The C-Reactive Protein Kit for use on SPAPLUS is intended for the quantitative in vitro determination of C-reactive protein (CRP) concentration in serum. Measurement of C-reactive protein aids in evaluation of the amount of injury to body tissues and for evaluation of infection, tissue injury, and inflammatory disorders. This product is suitable for use on the SPAPLUS analyser.

Device Description

The C-Reactive Protein Kit for use on SPAPLUS is comprised of the following reagents:

Antiserum: Supplied in stabilised liquid form. Preservatives: 0.099% sodium azide, TRIS pH 8.0.

Calibrator and Controls: Pooled human serum, supplied in stabilised liquid form. Containing 0.099% sodium azide, as preservative. The concentration given on the quality control certificate has been obtained by comparison with the international reference standard ERM-DA474.

Reaction Buffer: Containing 0.099% sodium azide, TRIS pH 7.5 as preservatives.

AI/ML Overview

The provided document is a 510(k) premarket notification for a C-Reactive Protein Kit for use on the SPAPLUS analyzer. It details the device's intended use, comparison to a predicate device, and performance characteristics.

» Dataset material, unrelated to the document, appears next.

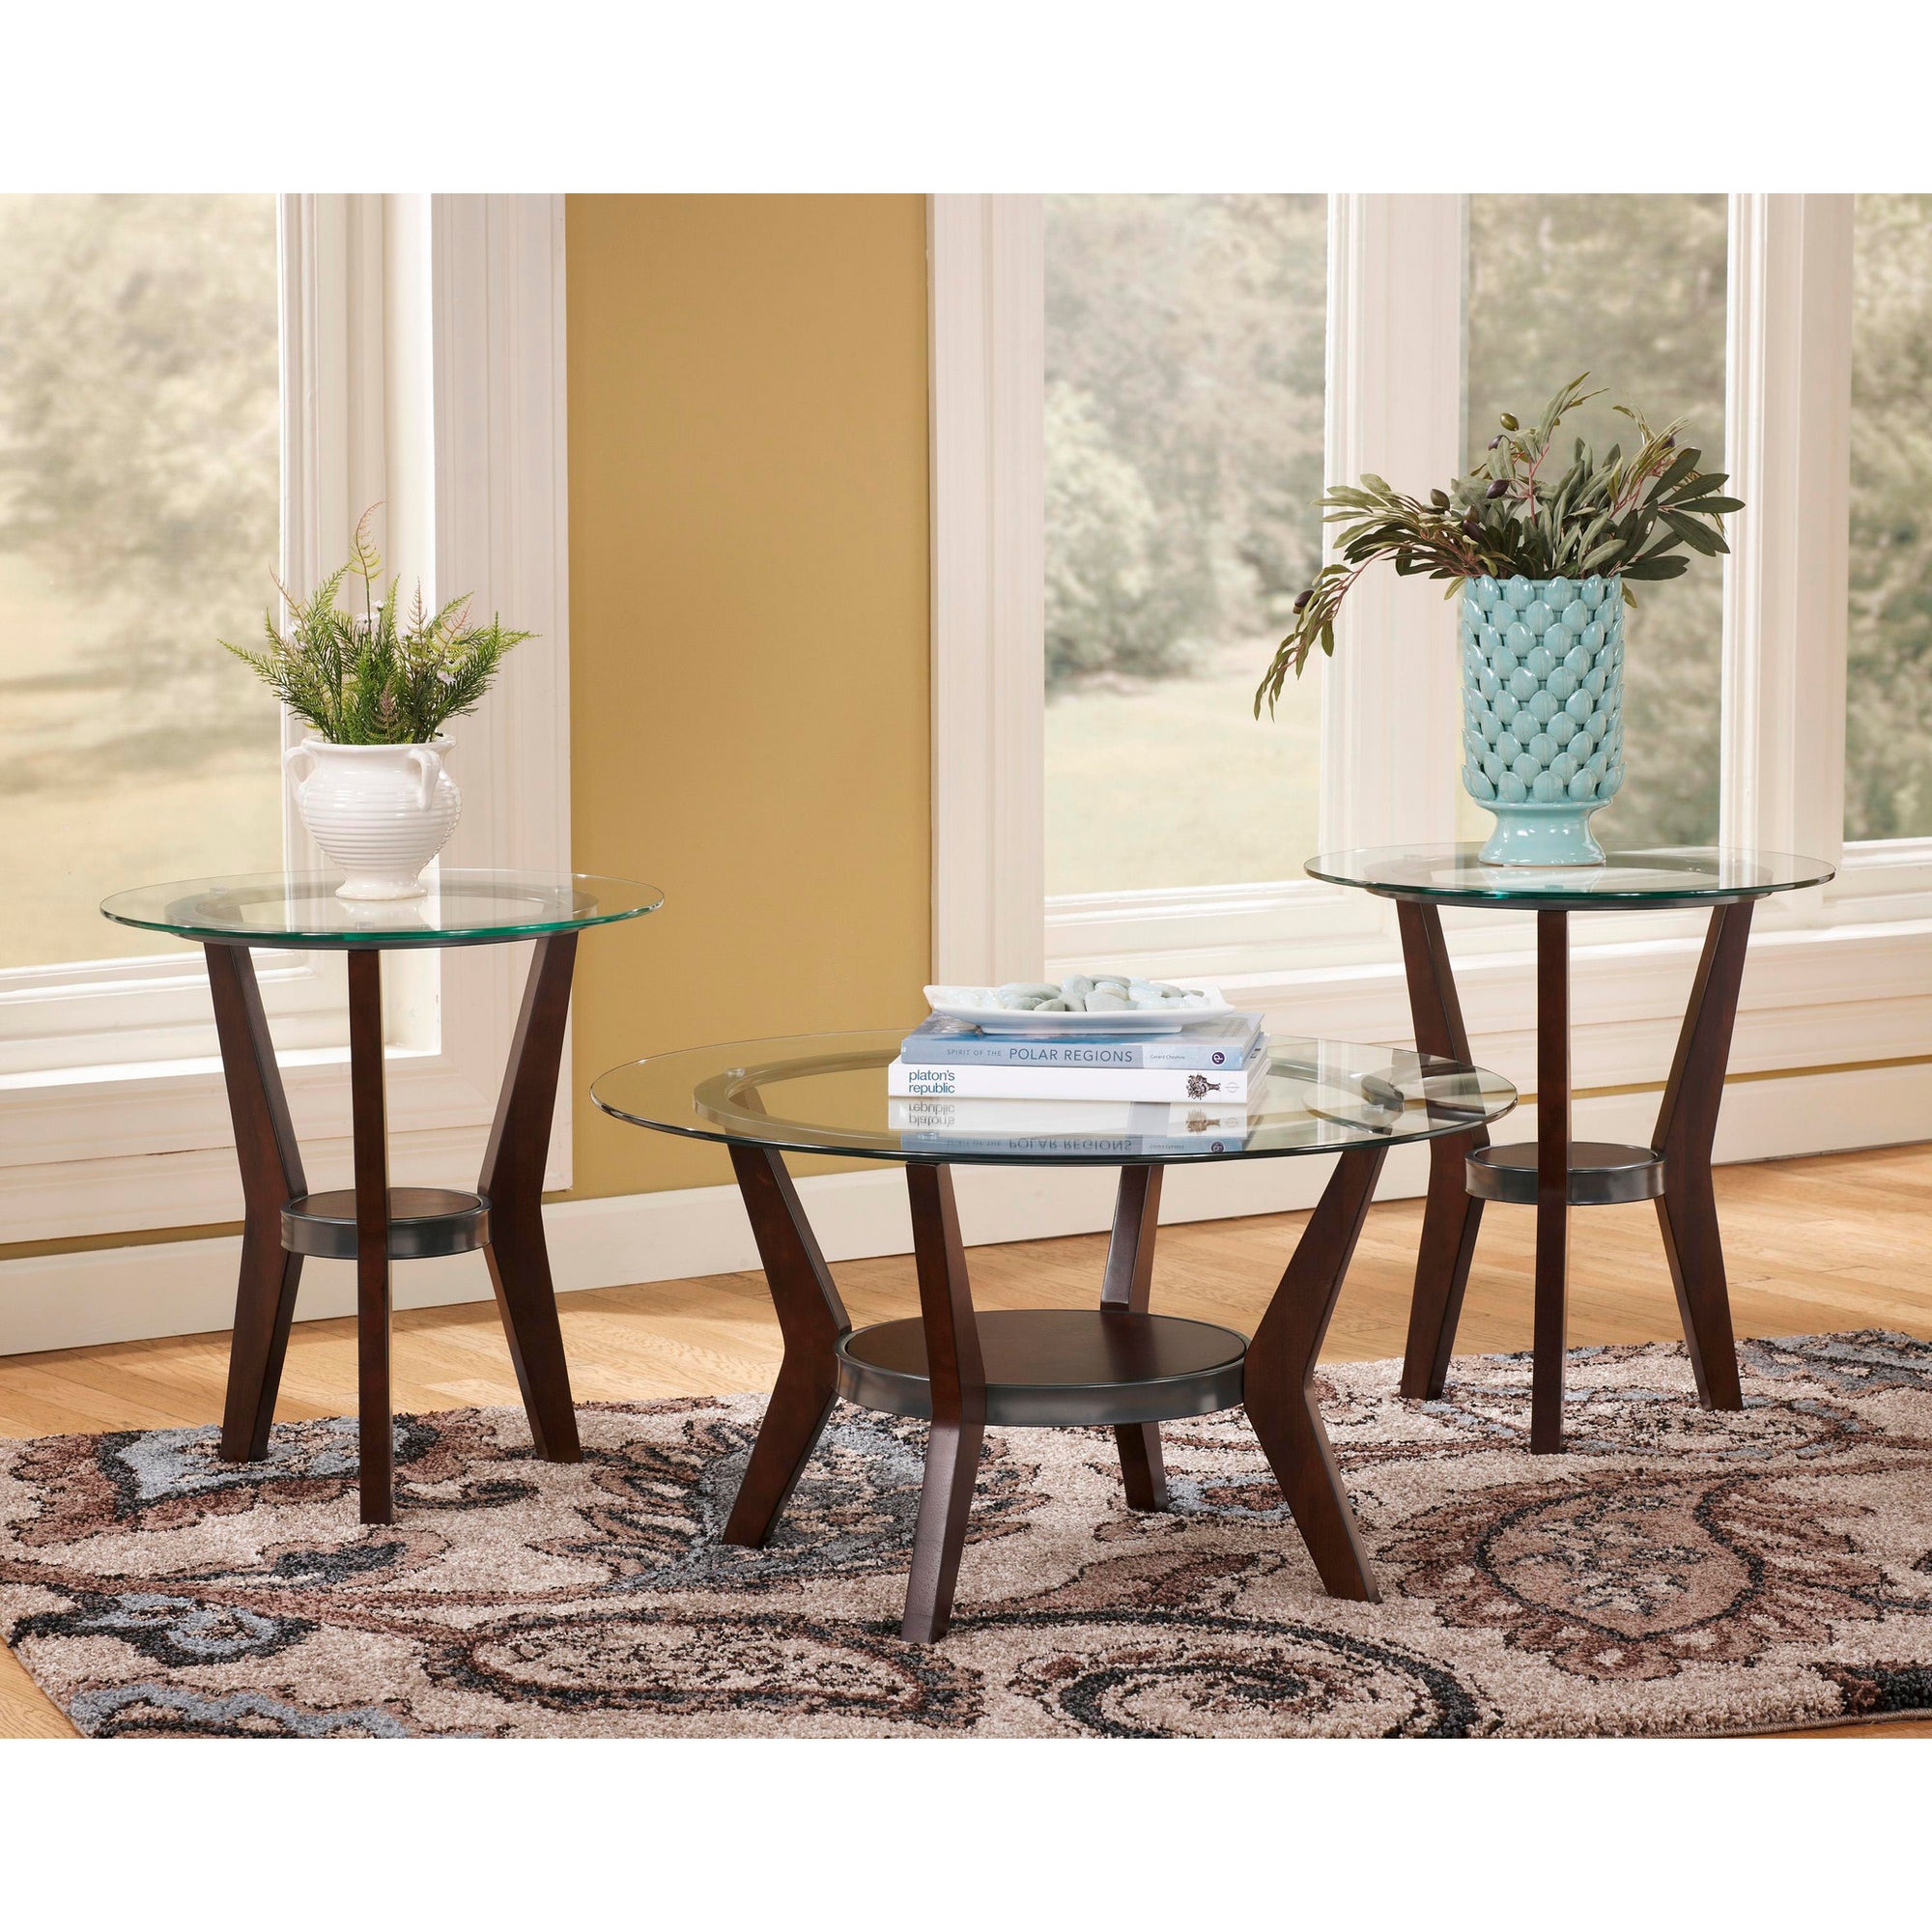 Fantell Table Trio (Set of 3)
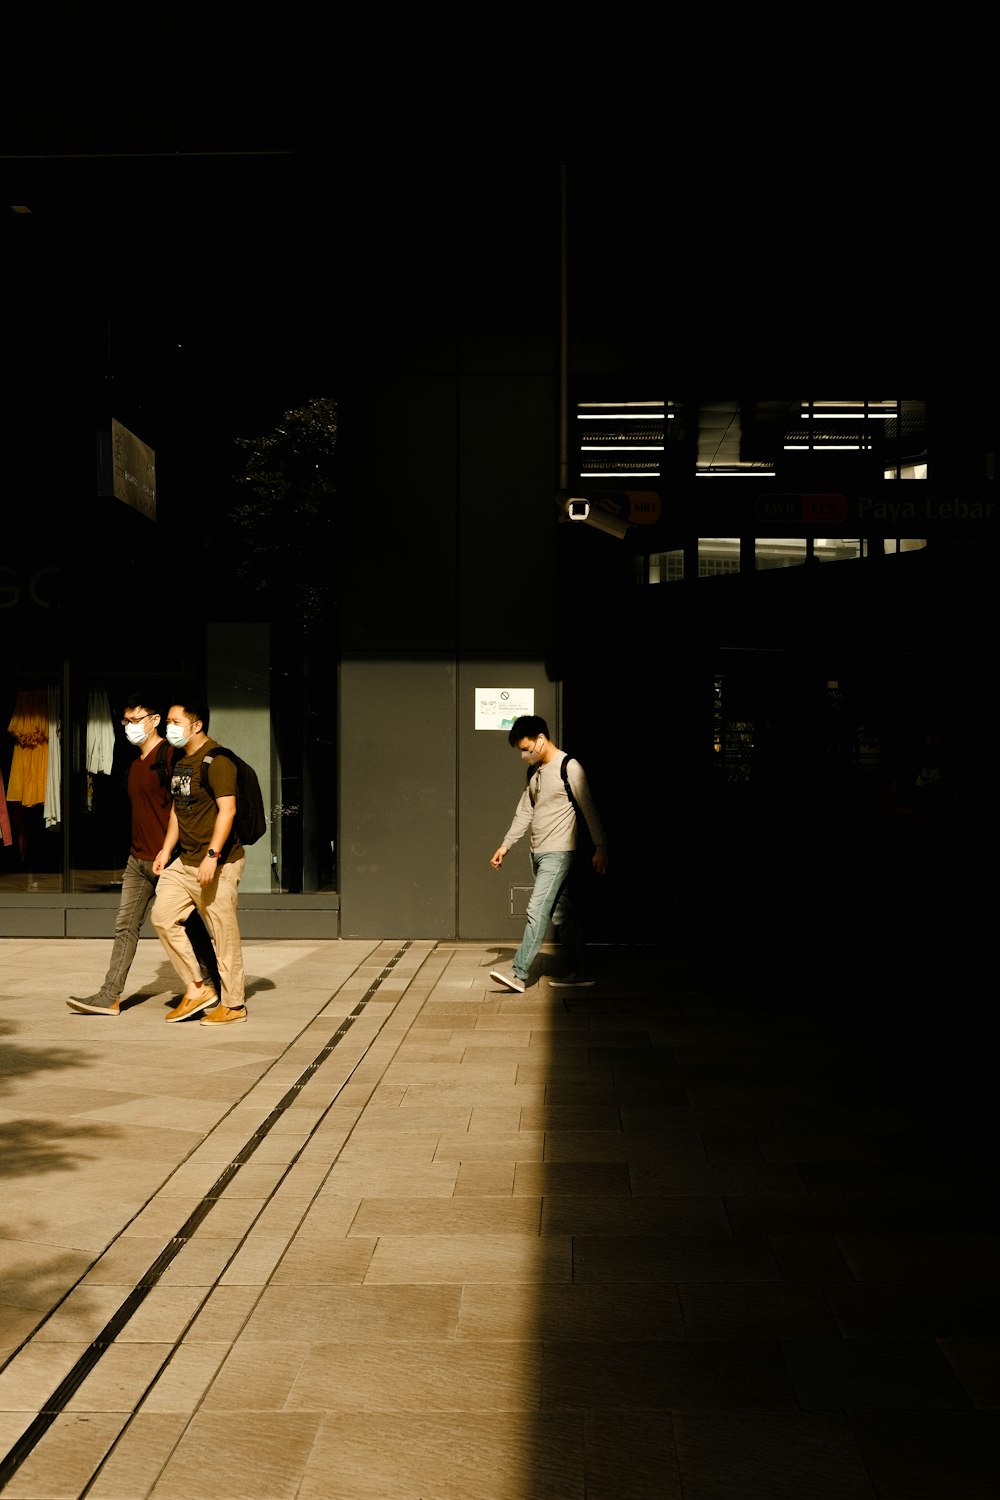 a group of people walking on a sidewalk at night

Here’s a breakdown of the acceptance criteria and the study that proves the device meets those criteria, based on the provided text:

1. Table of Acceptance Criteria and Reported Device Performance

Performance Characteristic	Acceptance Criteria	Reported Device Performance
Precision/Reproducibility
Total precision	%CV < 10%	All samples met: Sample 1 (8.4%), Sample 2 (7.1%), Sample 3 (2.5%), Sample 4 (1.8%)
Within-run precision	%CV < 5%	All samples met: Sample 1 (1.9%), Sample 2 (1.3%), Sample 3 (0.6%), Sample 4 (0.5%)
Between-run precision	%CV < 8%	All samples met: Sample 1 (4.5%), Sample 2 (3.8%), Sample 3 (1.9%), Sample 4 (1.8%)
Between-day precision	%CV < 8%	All samples met: Sample 1 (6.9%), Sample 2 (5.8%), Sample 3 (1.5%), Sample 4 (0.0%)
Linearity/Assay Reportable Range
%CV for each sample	≤8%	All samples met (highest %CV was 1.9%)
Allowable nonlinearity	± 10% (Implicitly met as no issues were reported and linearity was "assessed across the curve width at the standard sample dilution (1/1)")	Results met Acceptance criteria for CV<8%. (Nonlinearity explicitly stated as met)
Analytical Specificity (Interference Testing)
Non-interference claim	Mean results from spiked samples must be within 10% of the mean of control samples	Assay not affected by: Haemoglobin (5g/L), Bilirubin (200mg/L), Rheumatoid Factor (2417IU/mL), Intralipid (250mg/dL), and 14 therapeutic drugs.
Method Comparison with Predicate Device	Clinically concordant results (No specific numeric acceptance criteria for regression statistics provided, but clinical concordance is key)	99.6% of samples tested gave clinically concordant results.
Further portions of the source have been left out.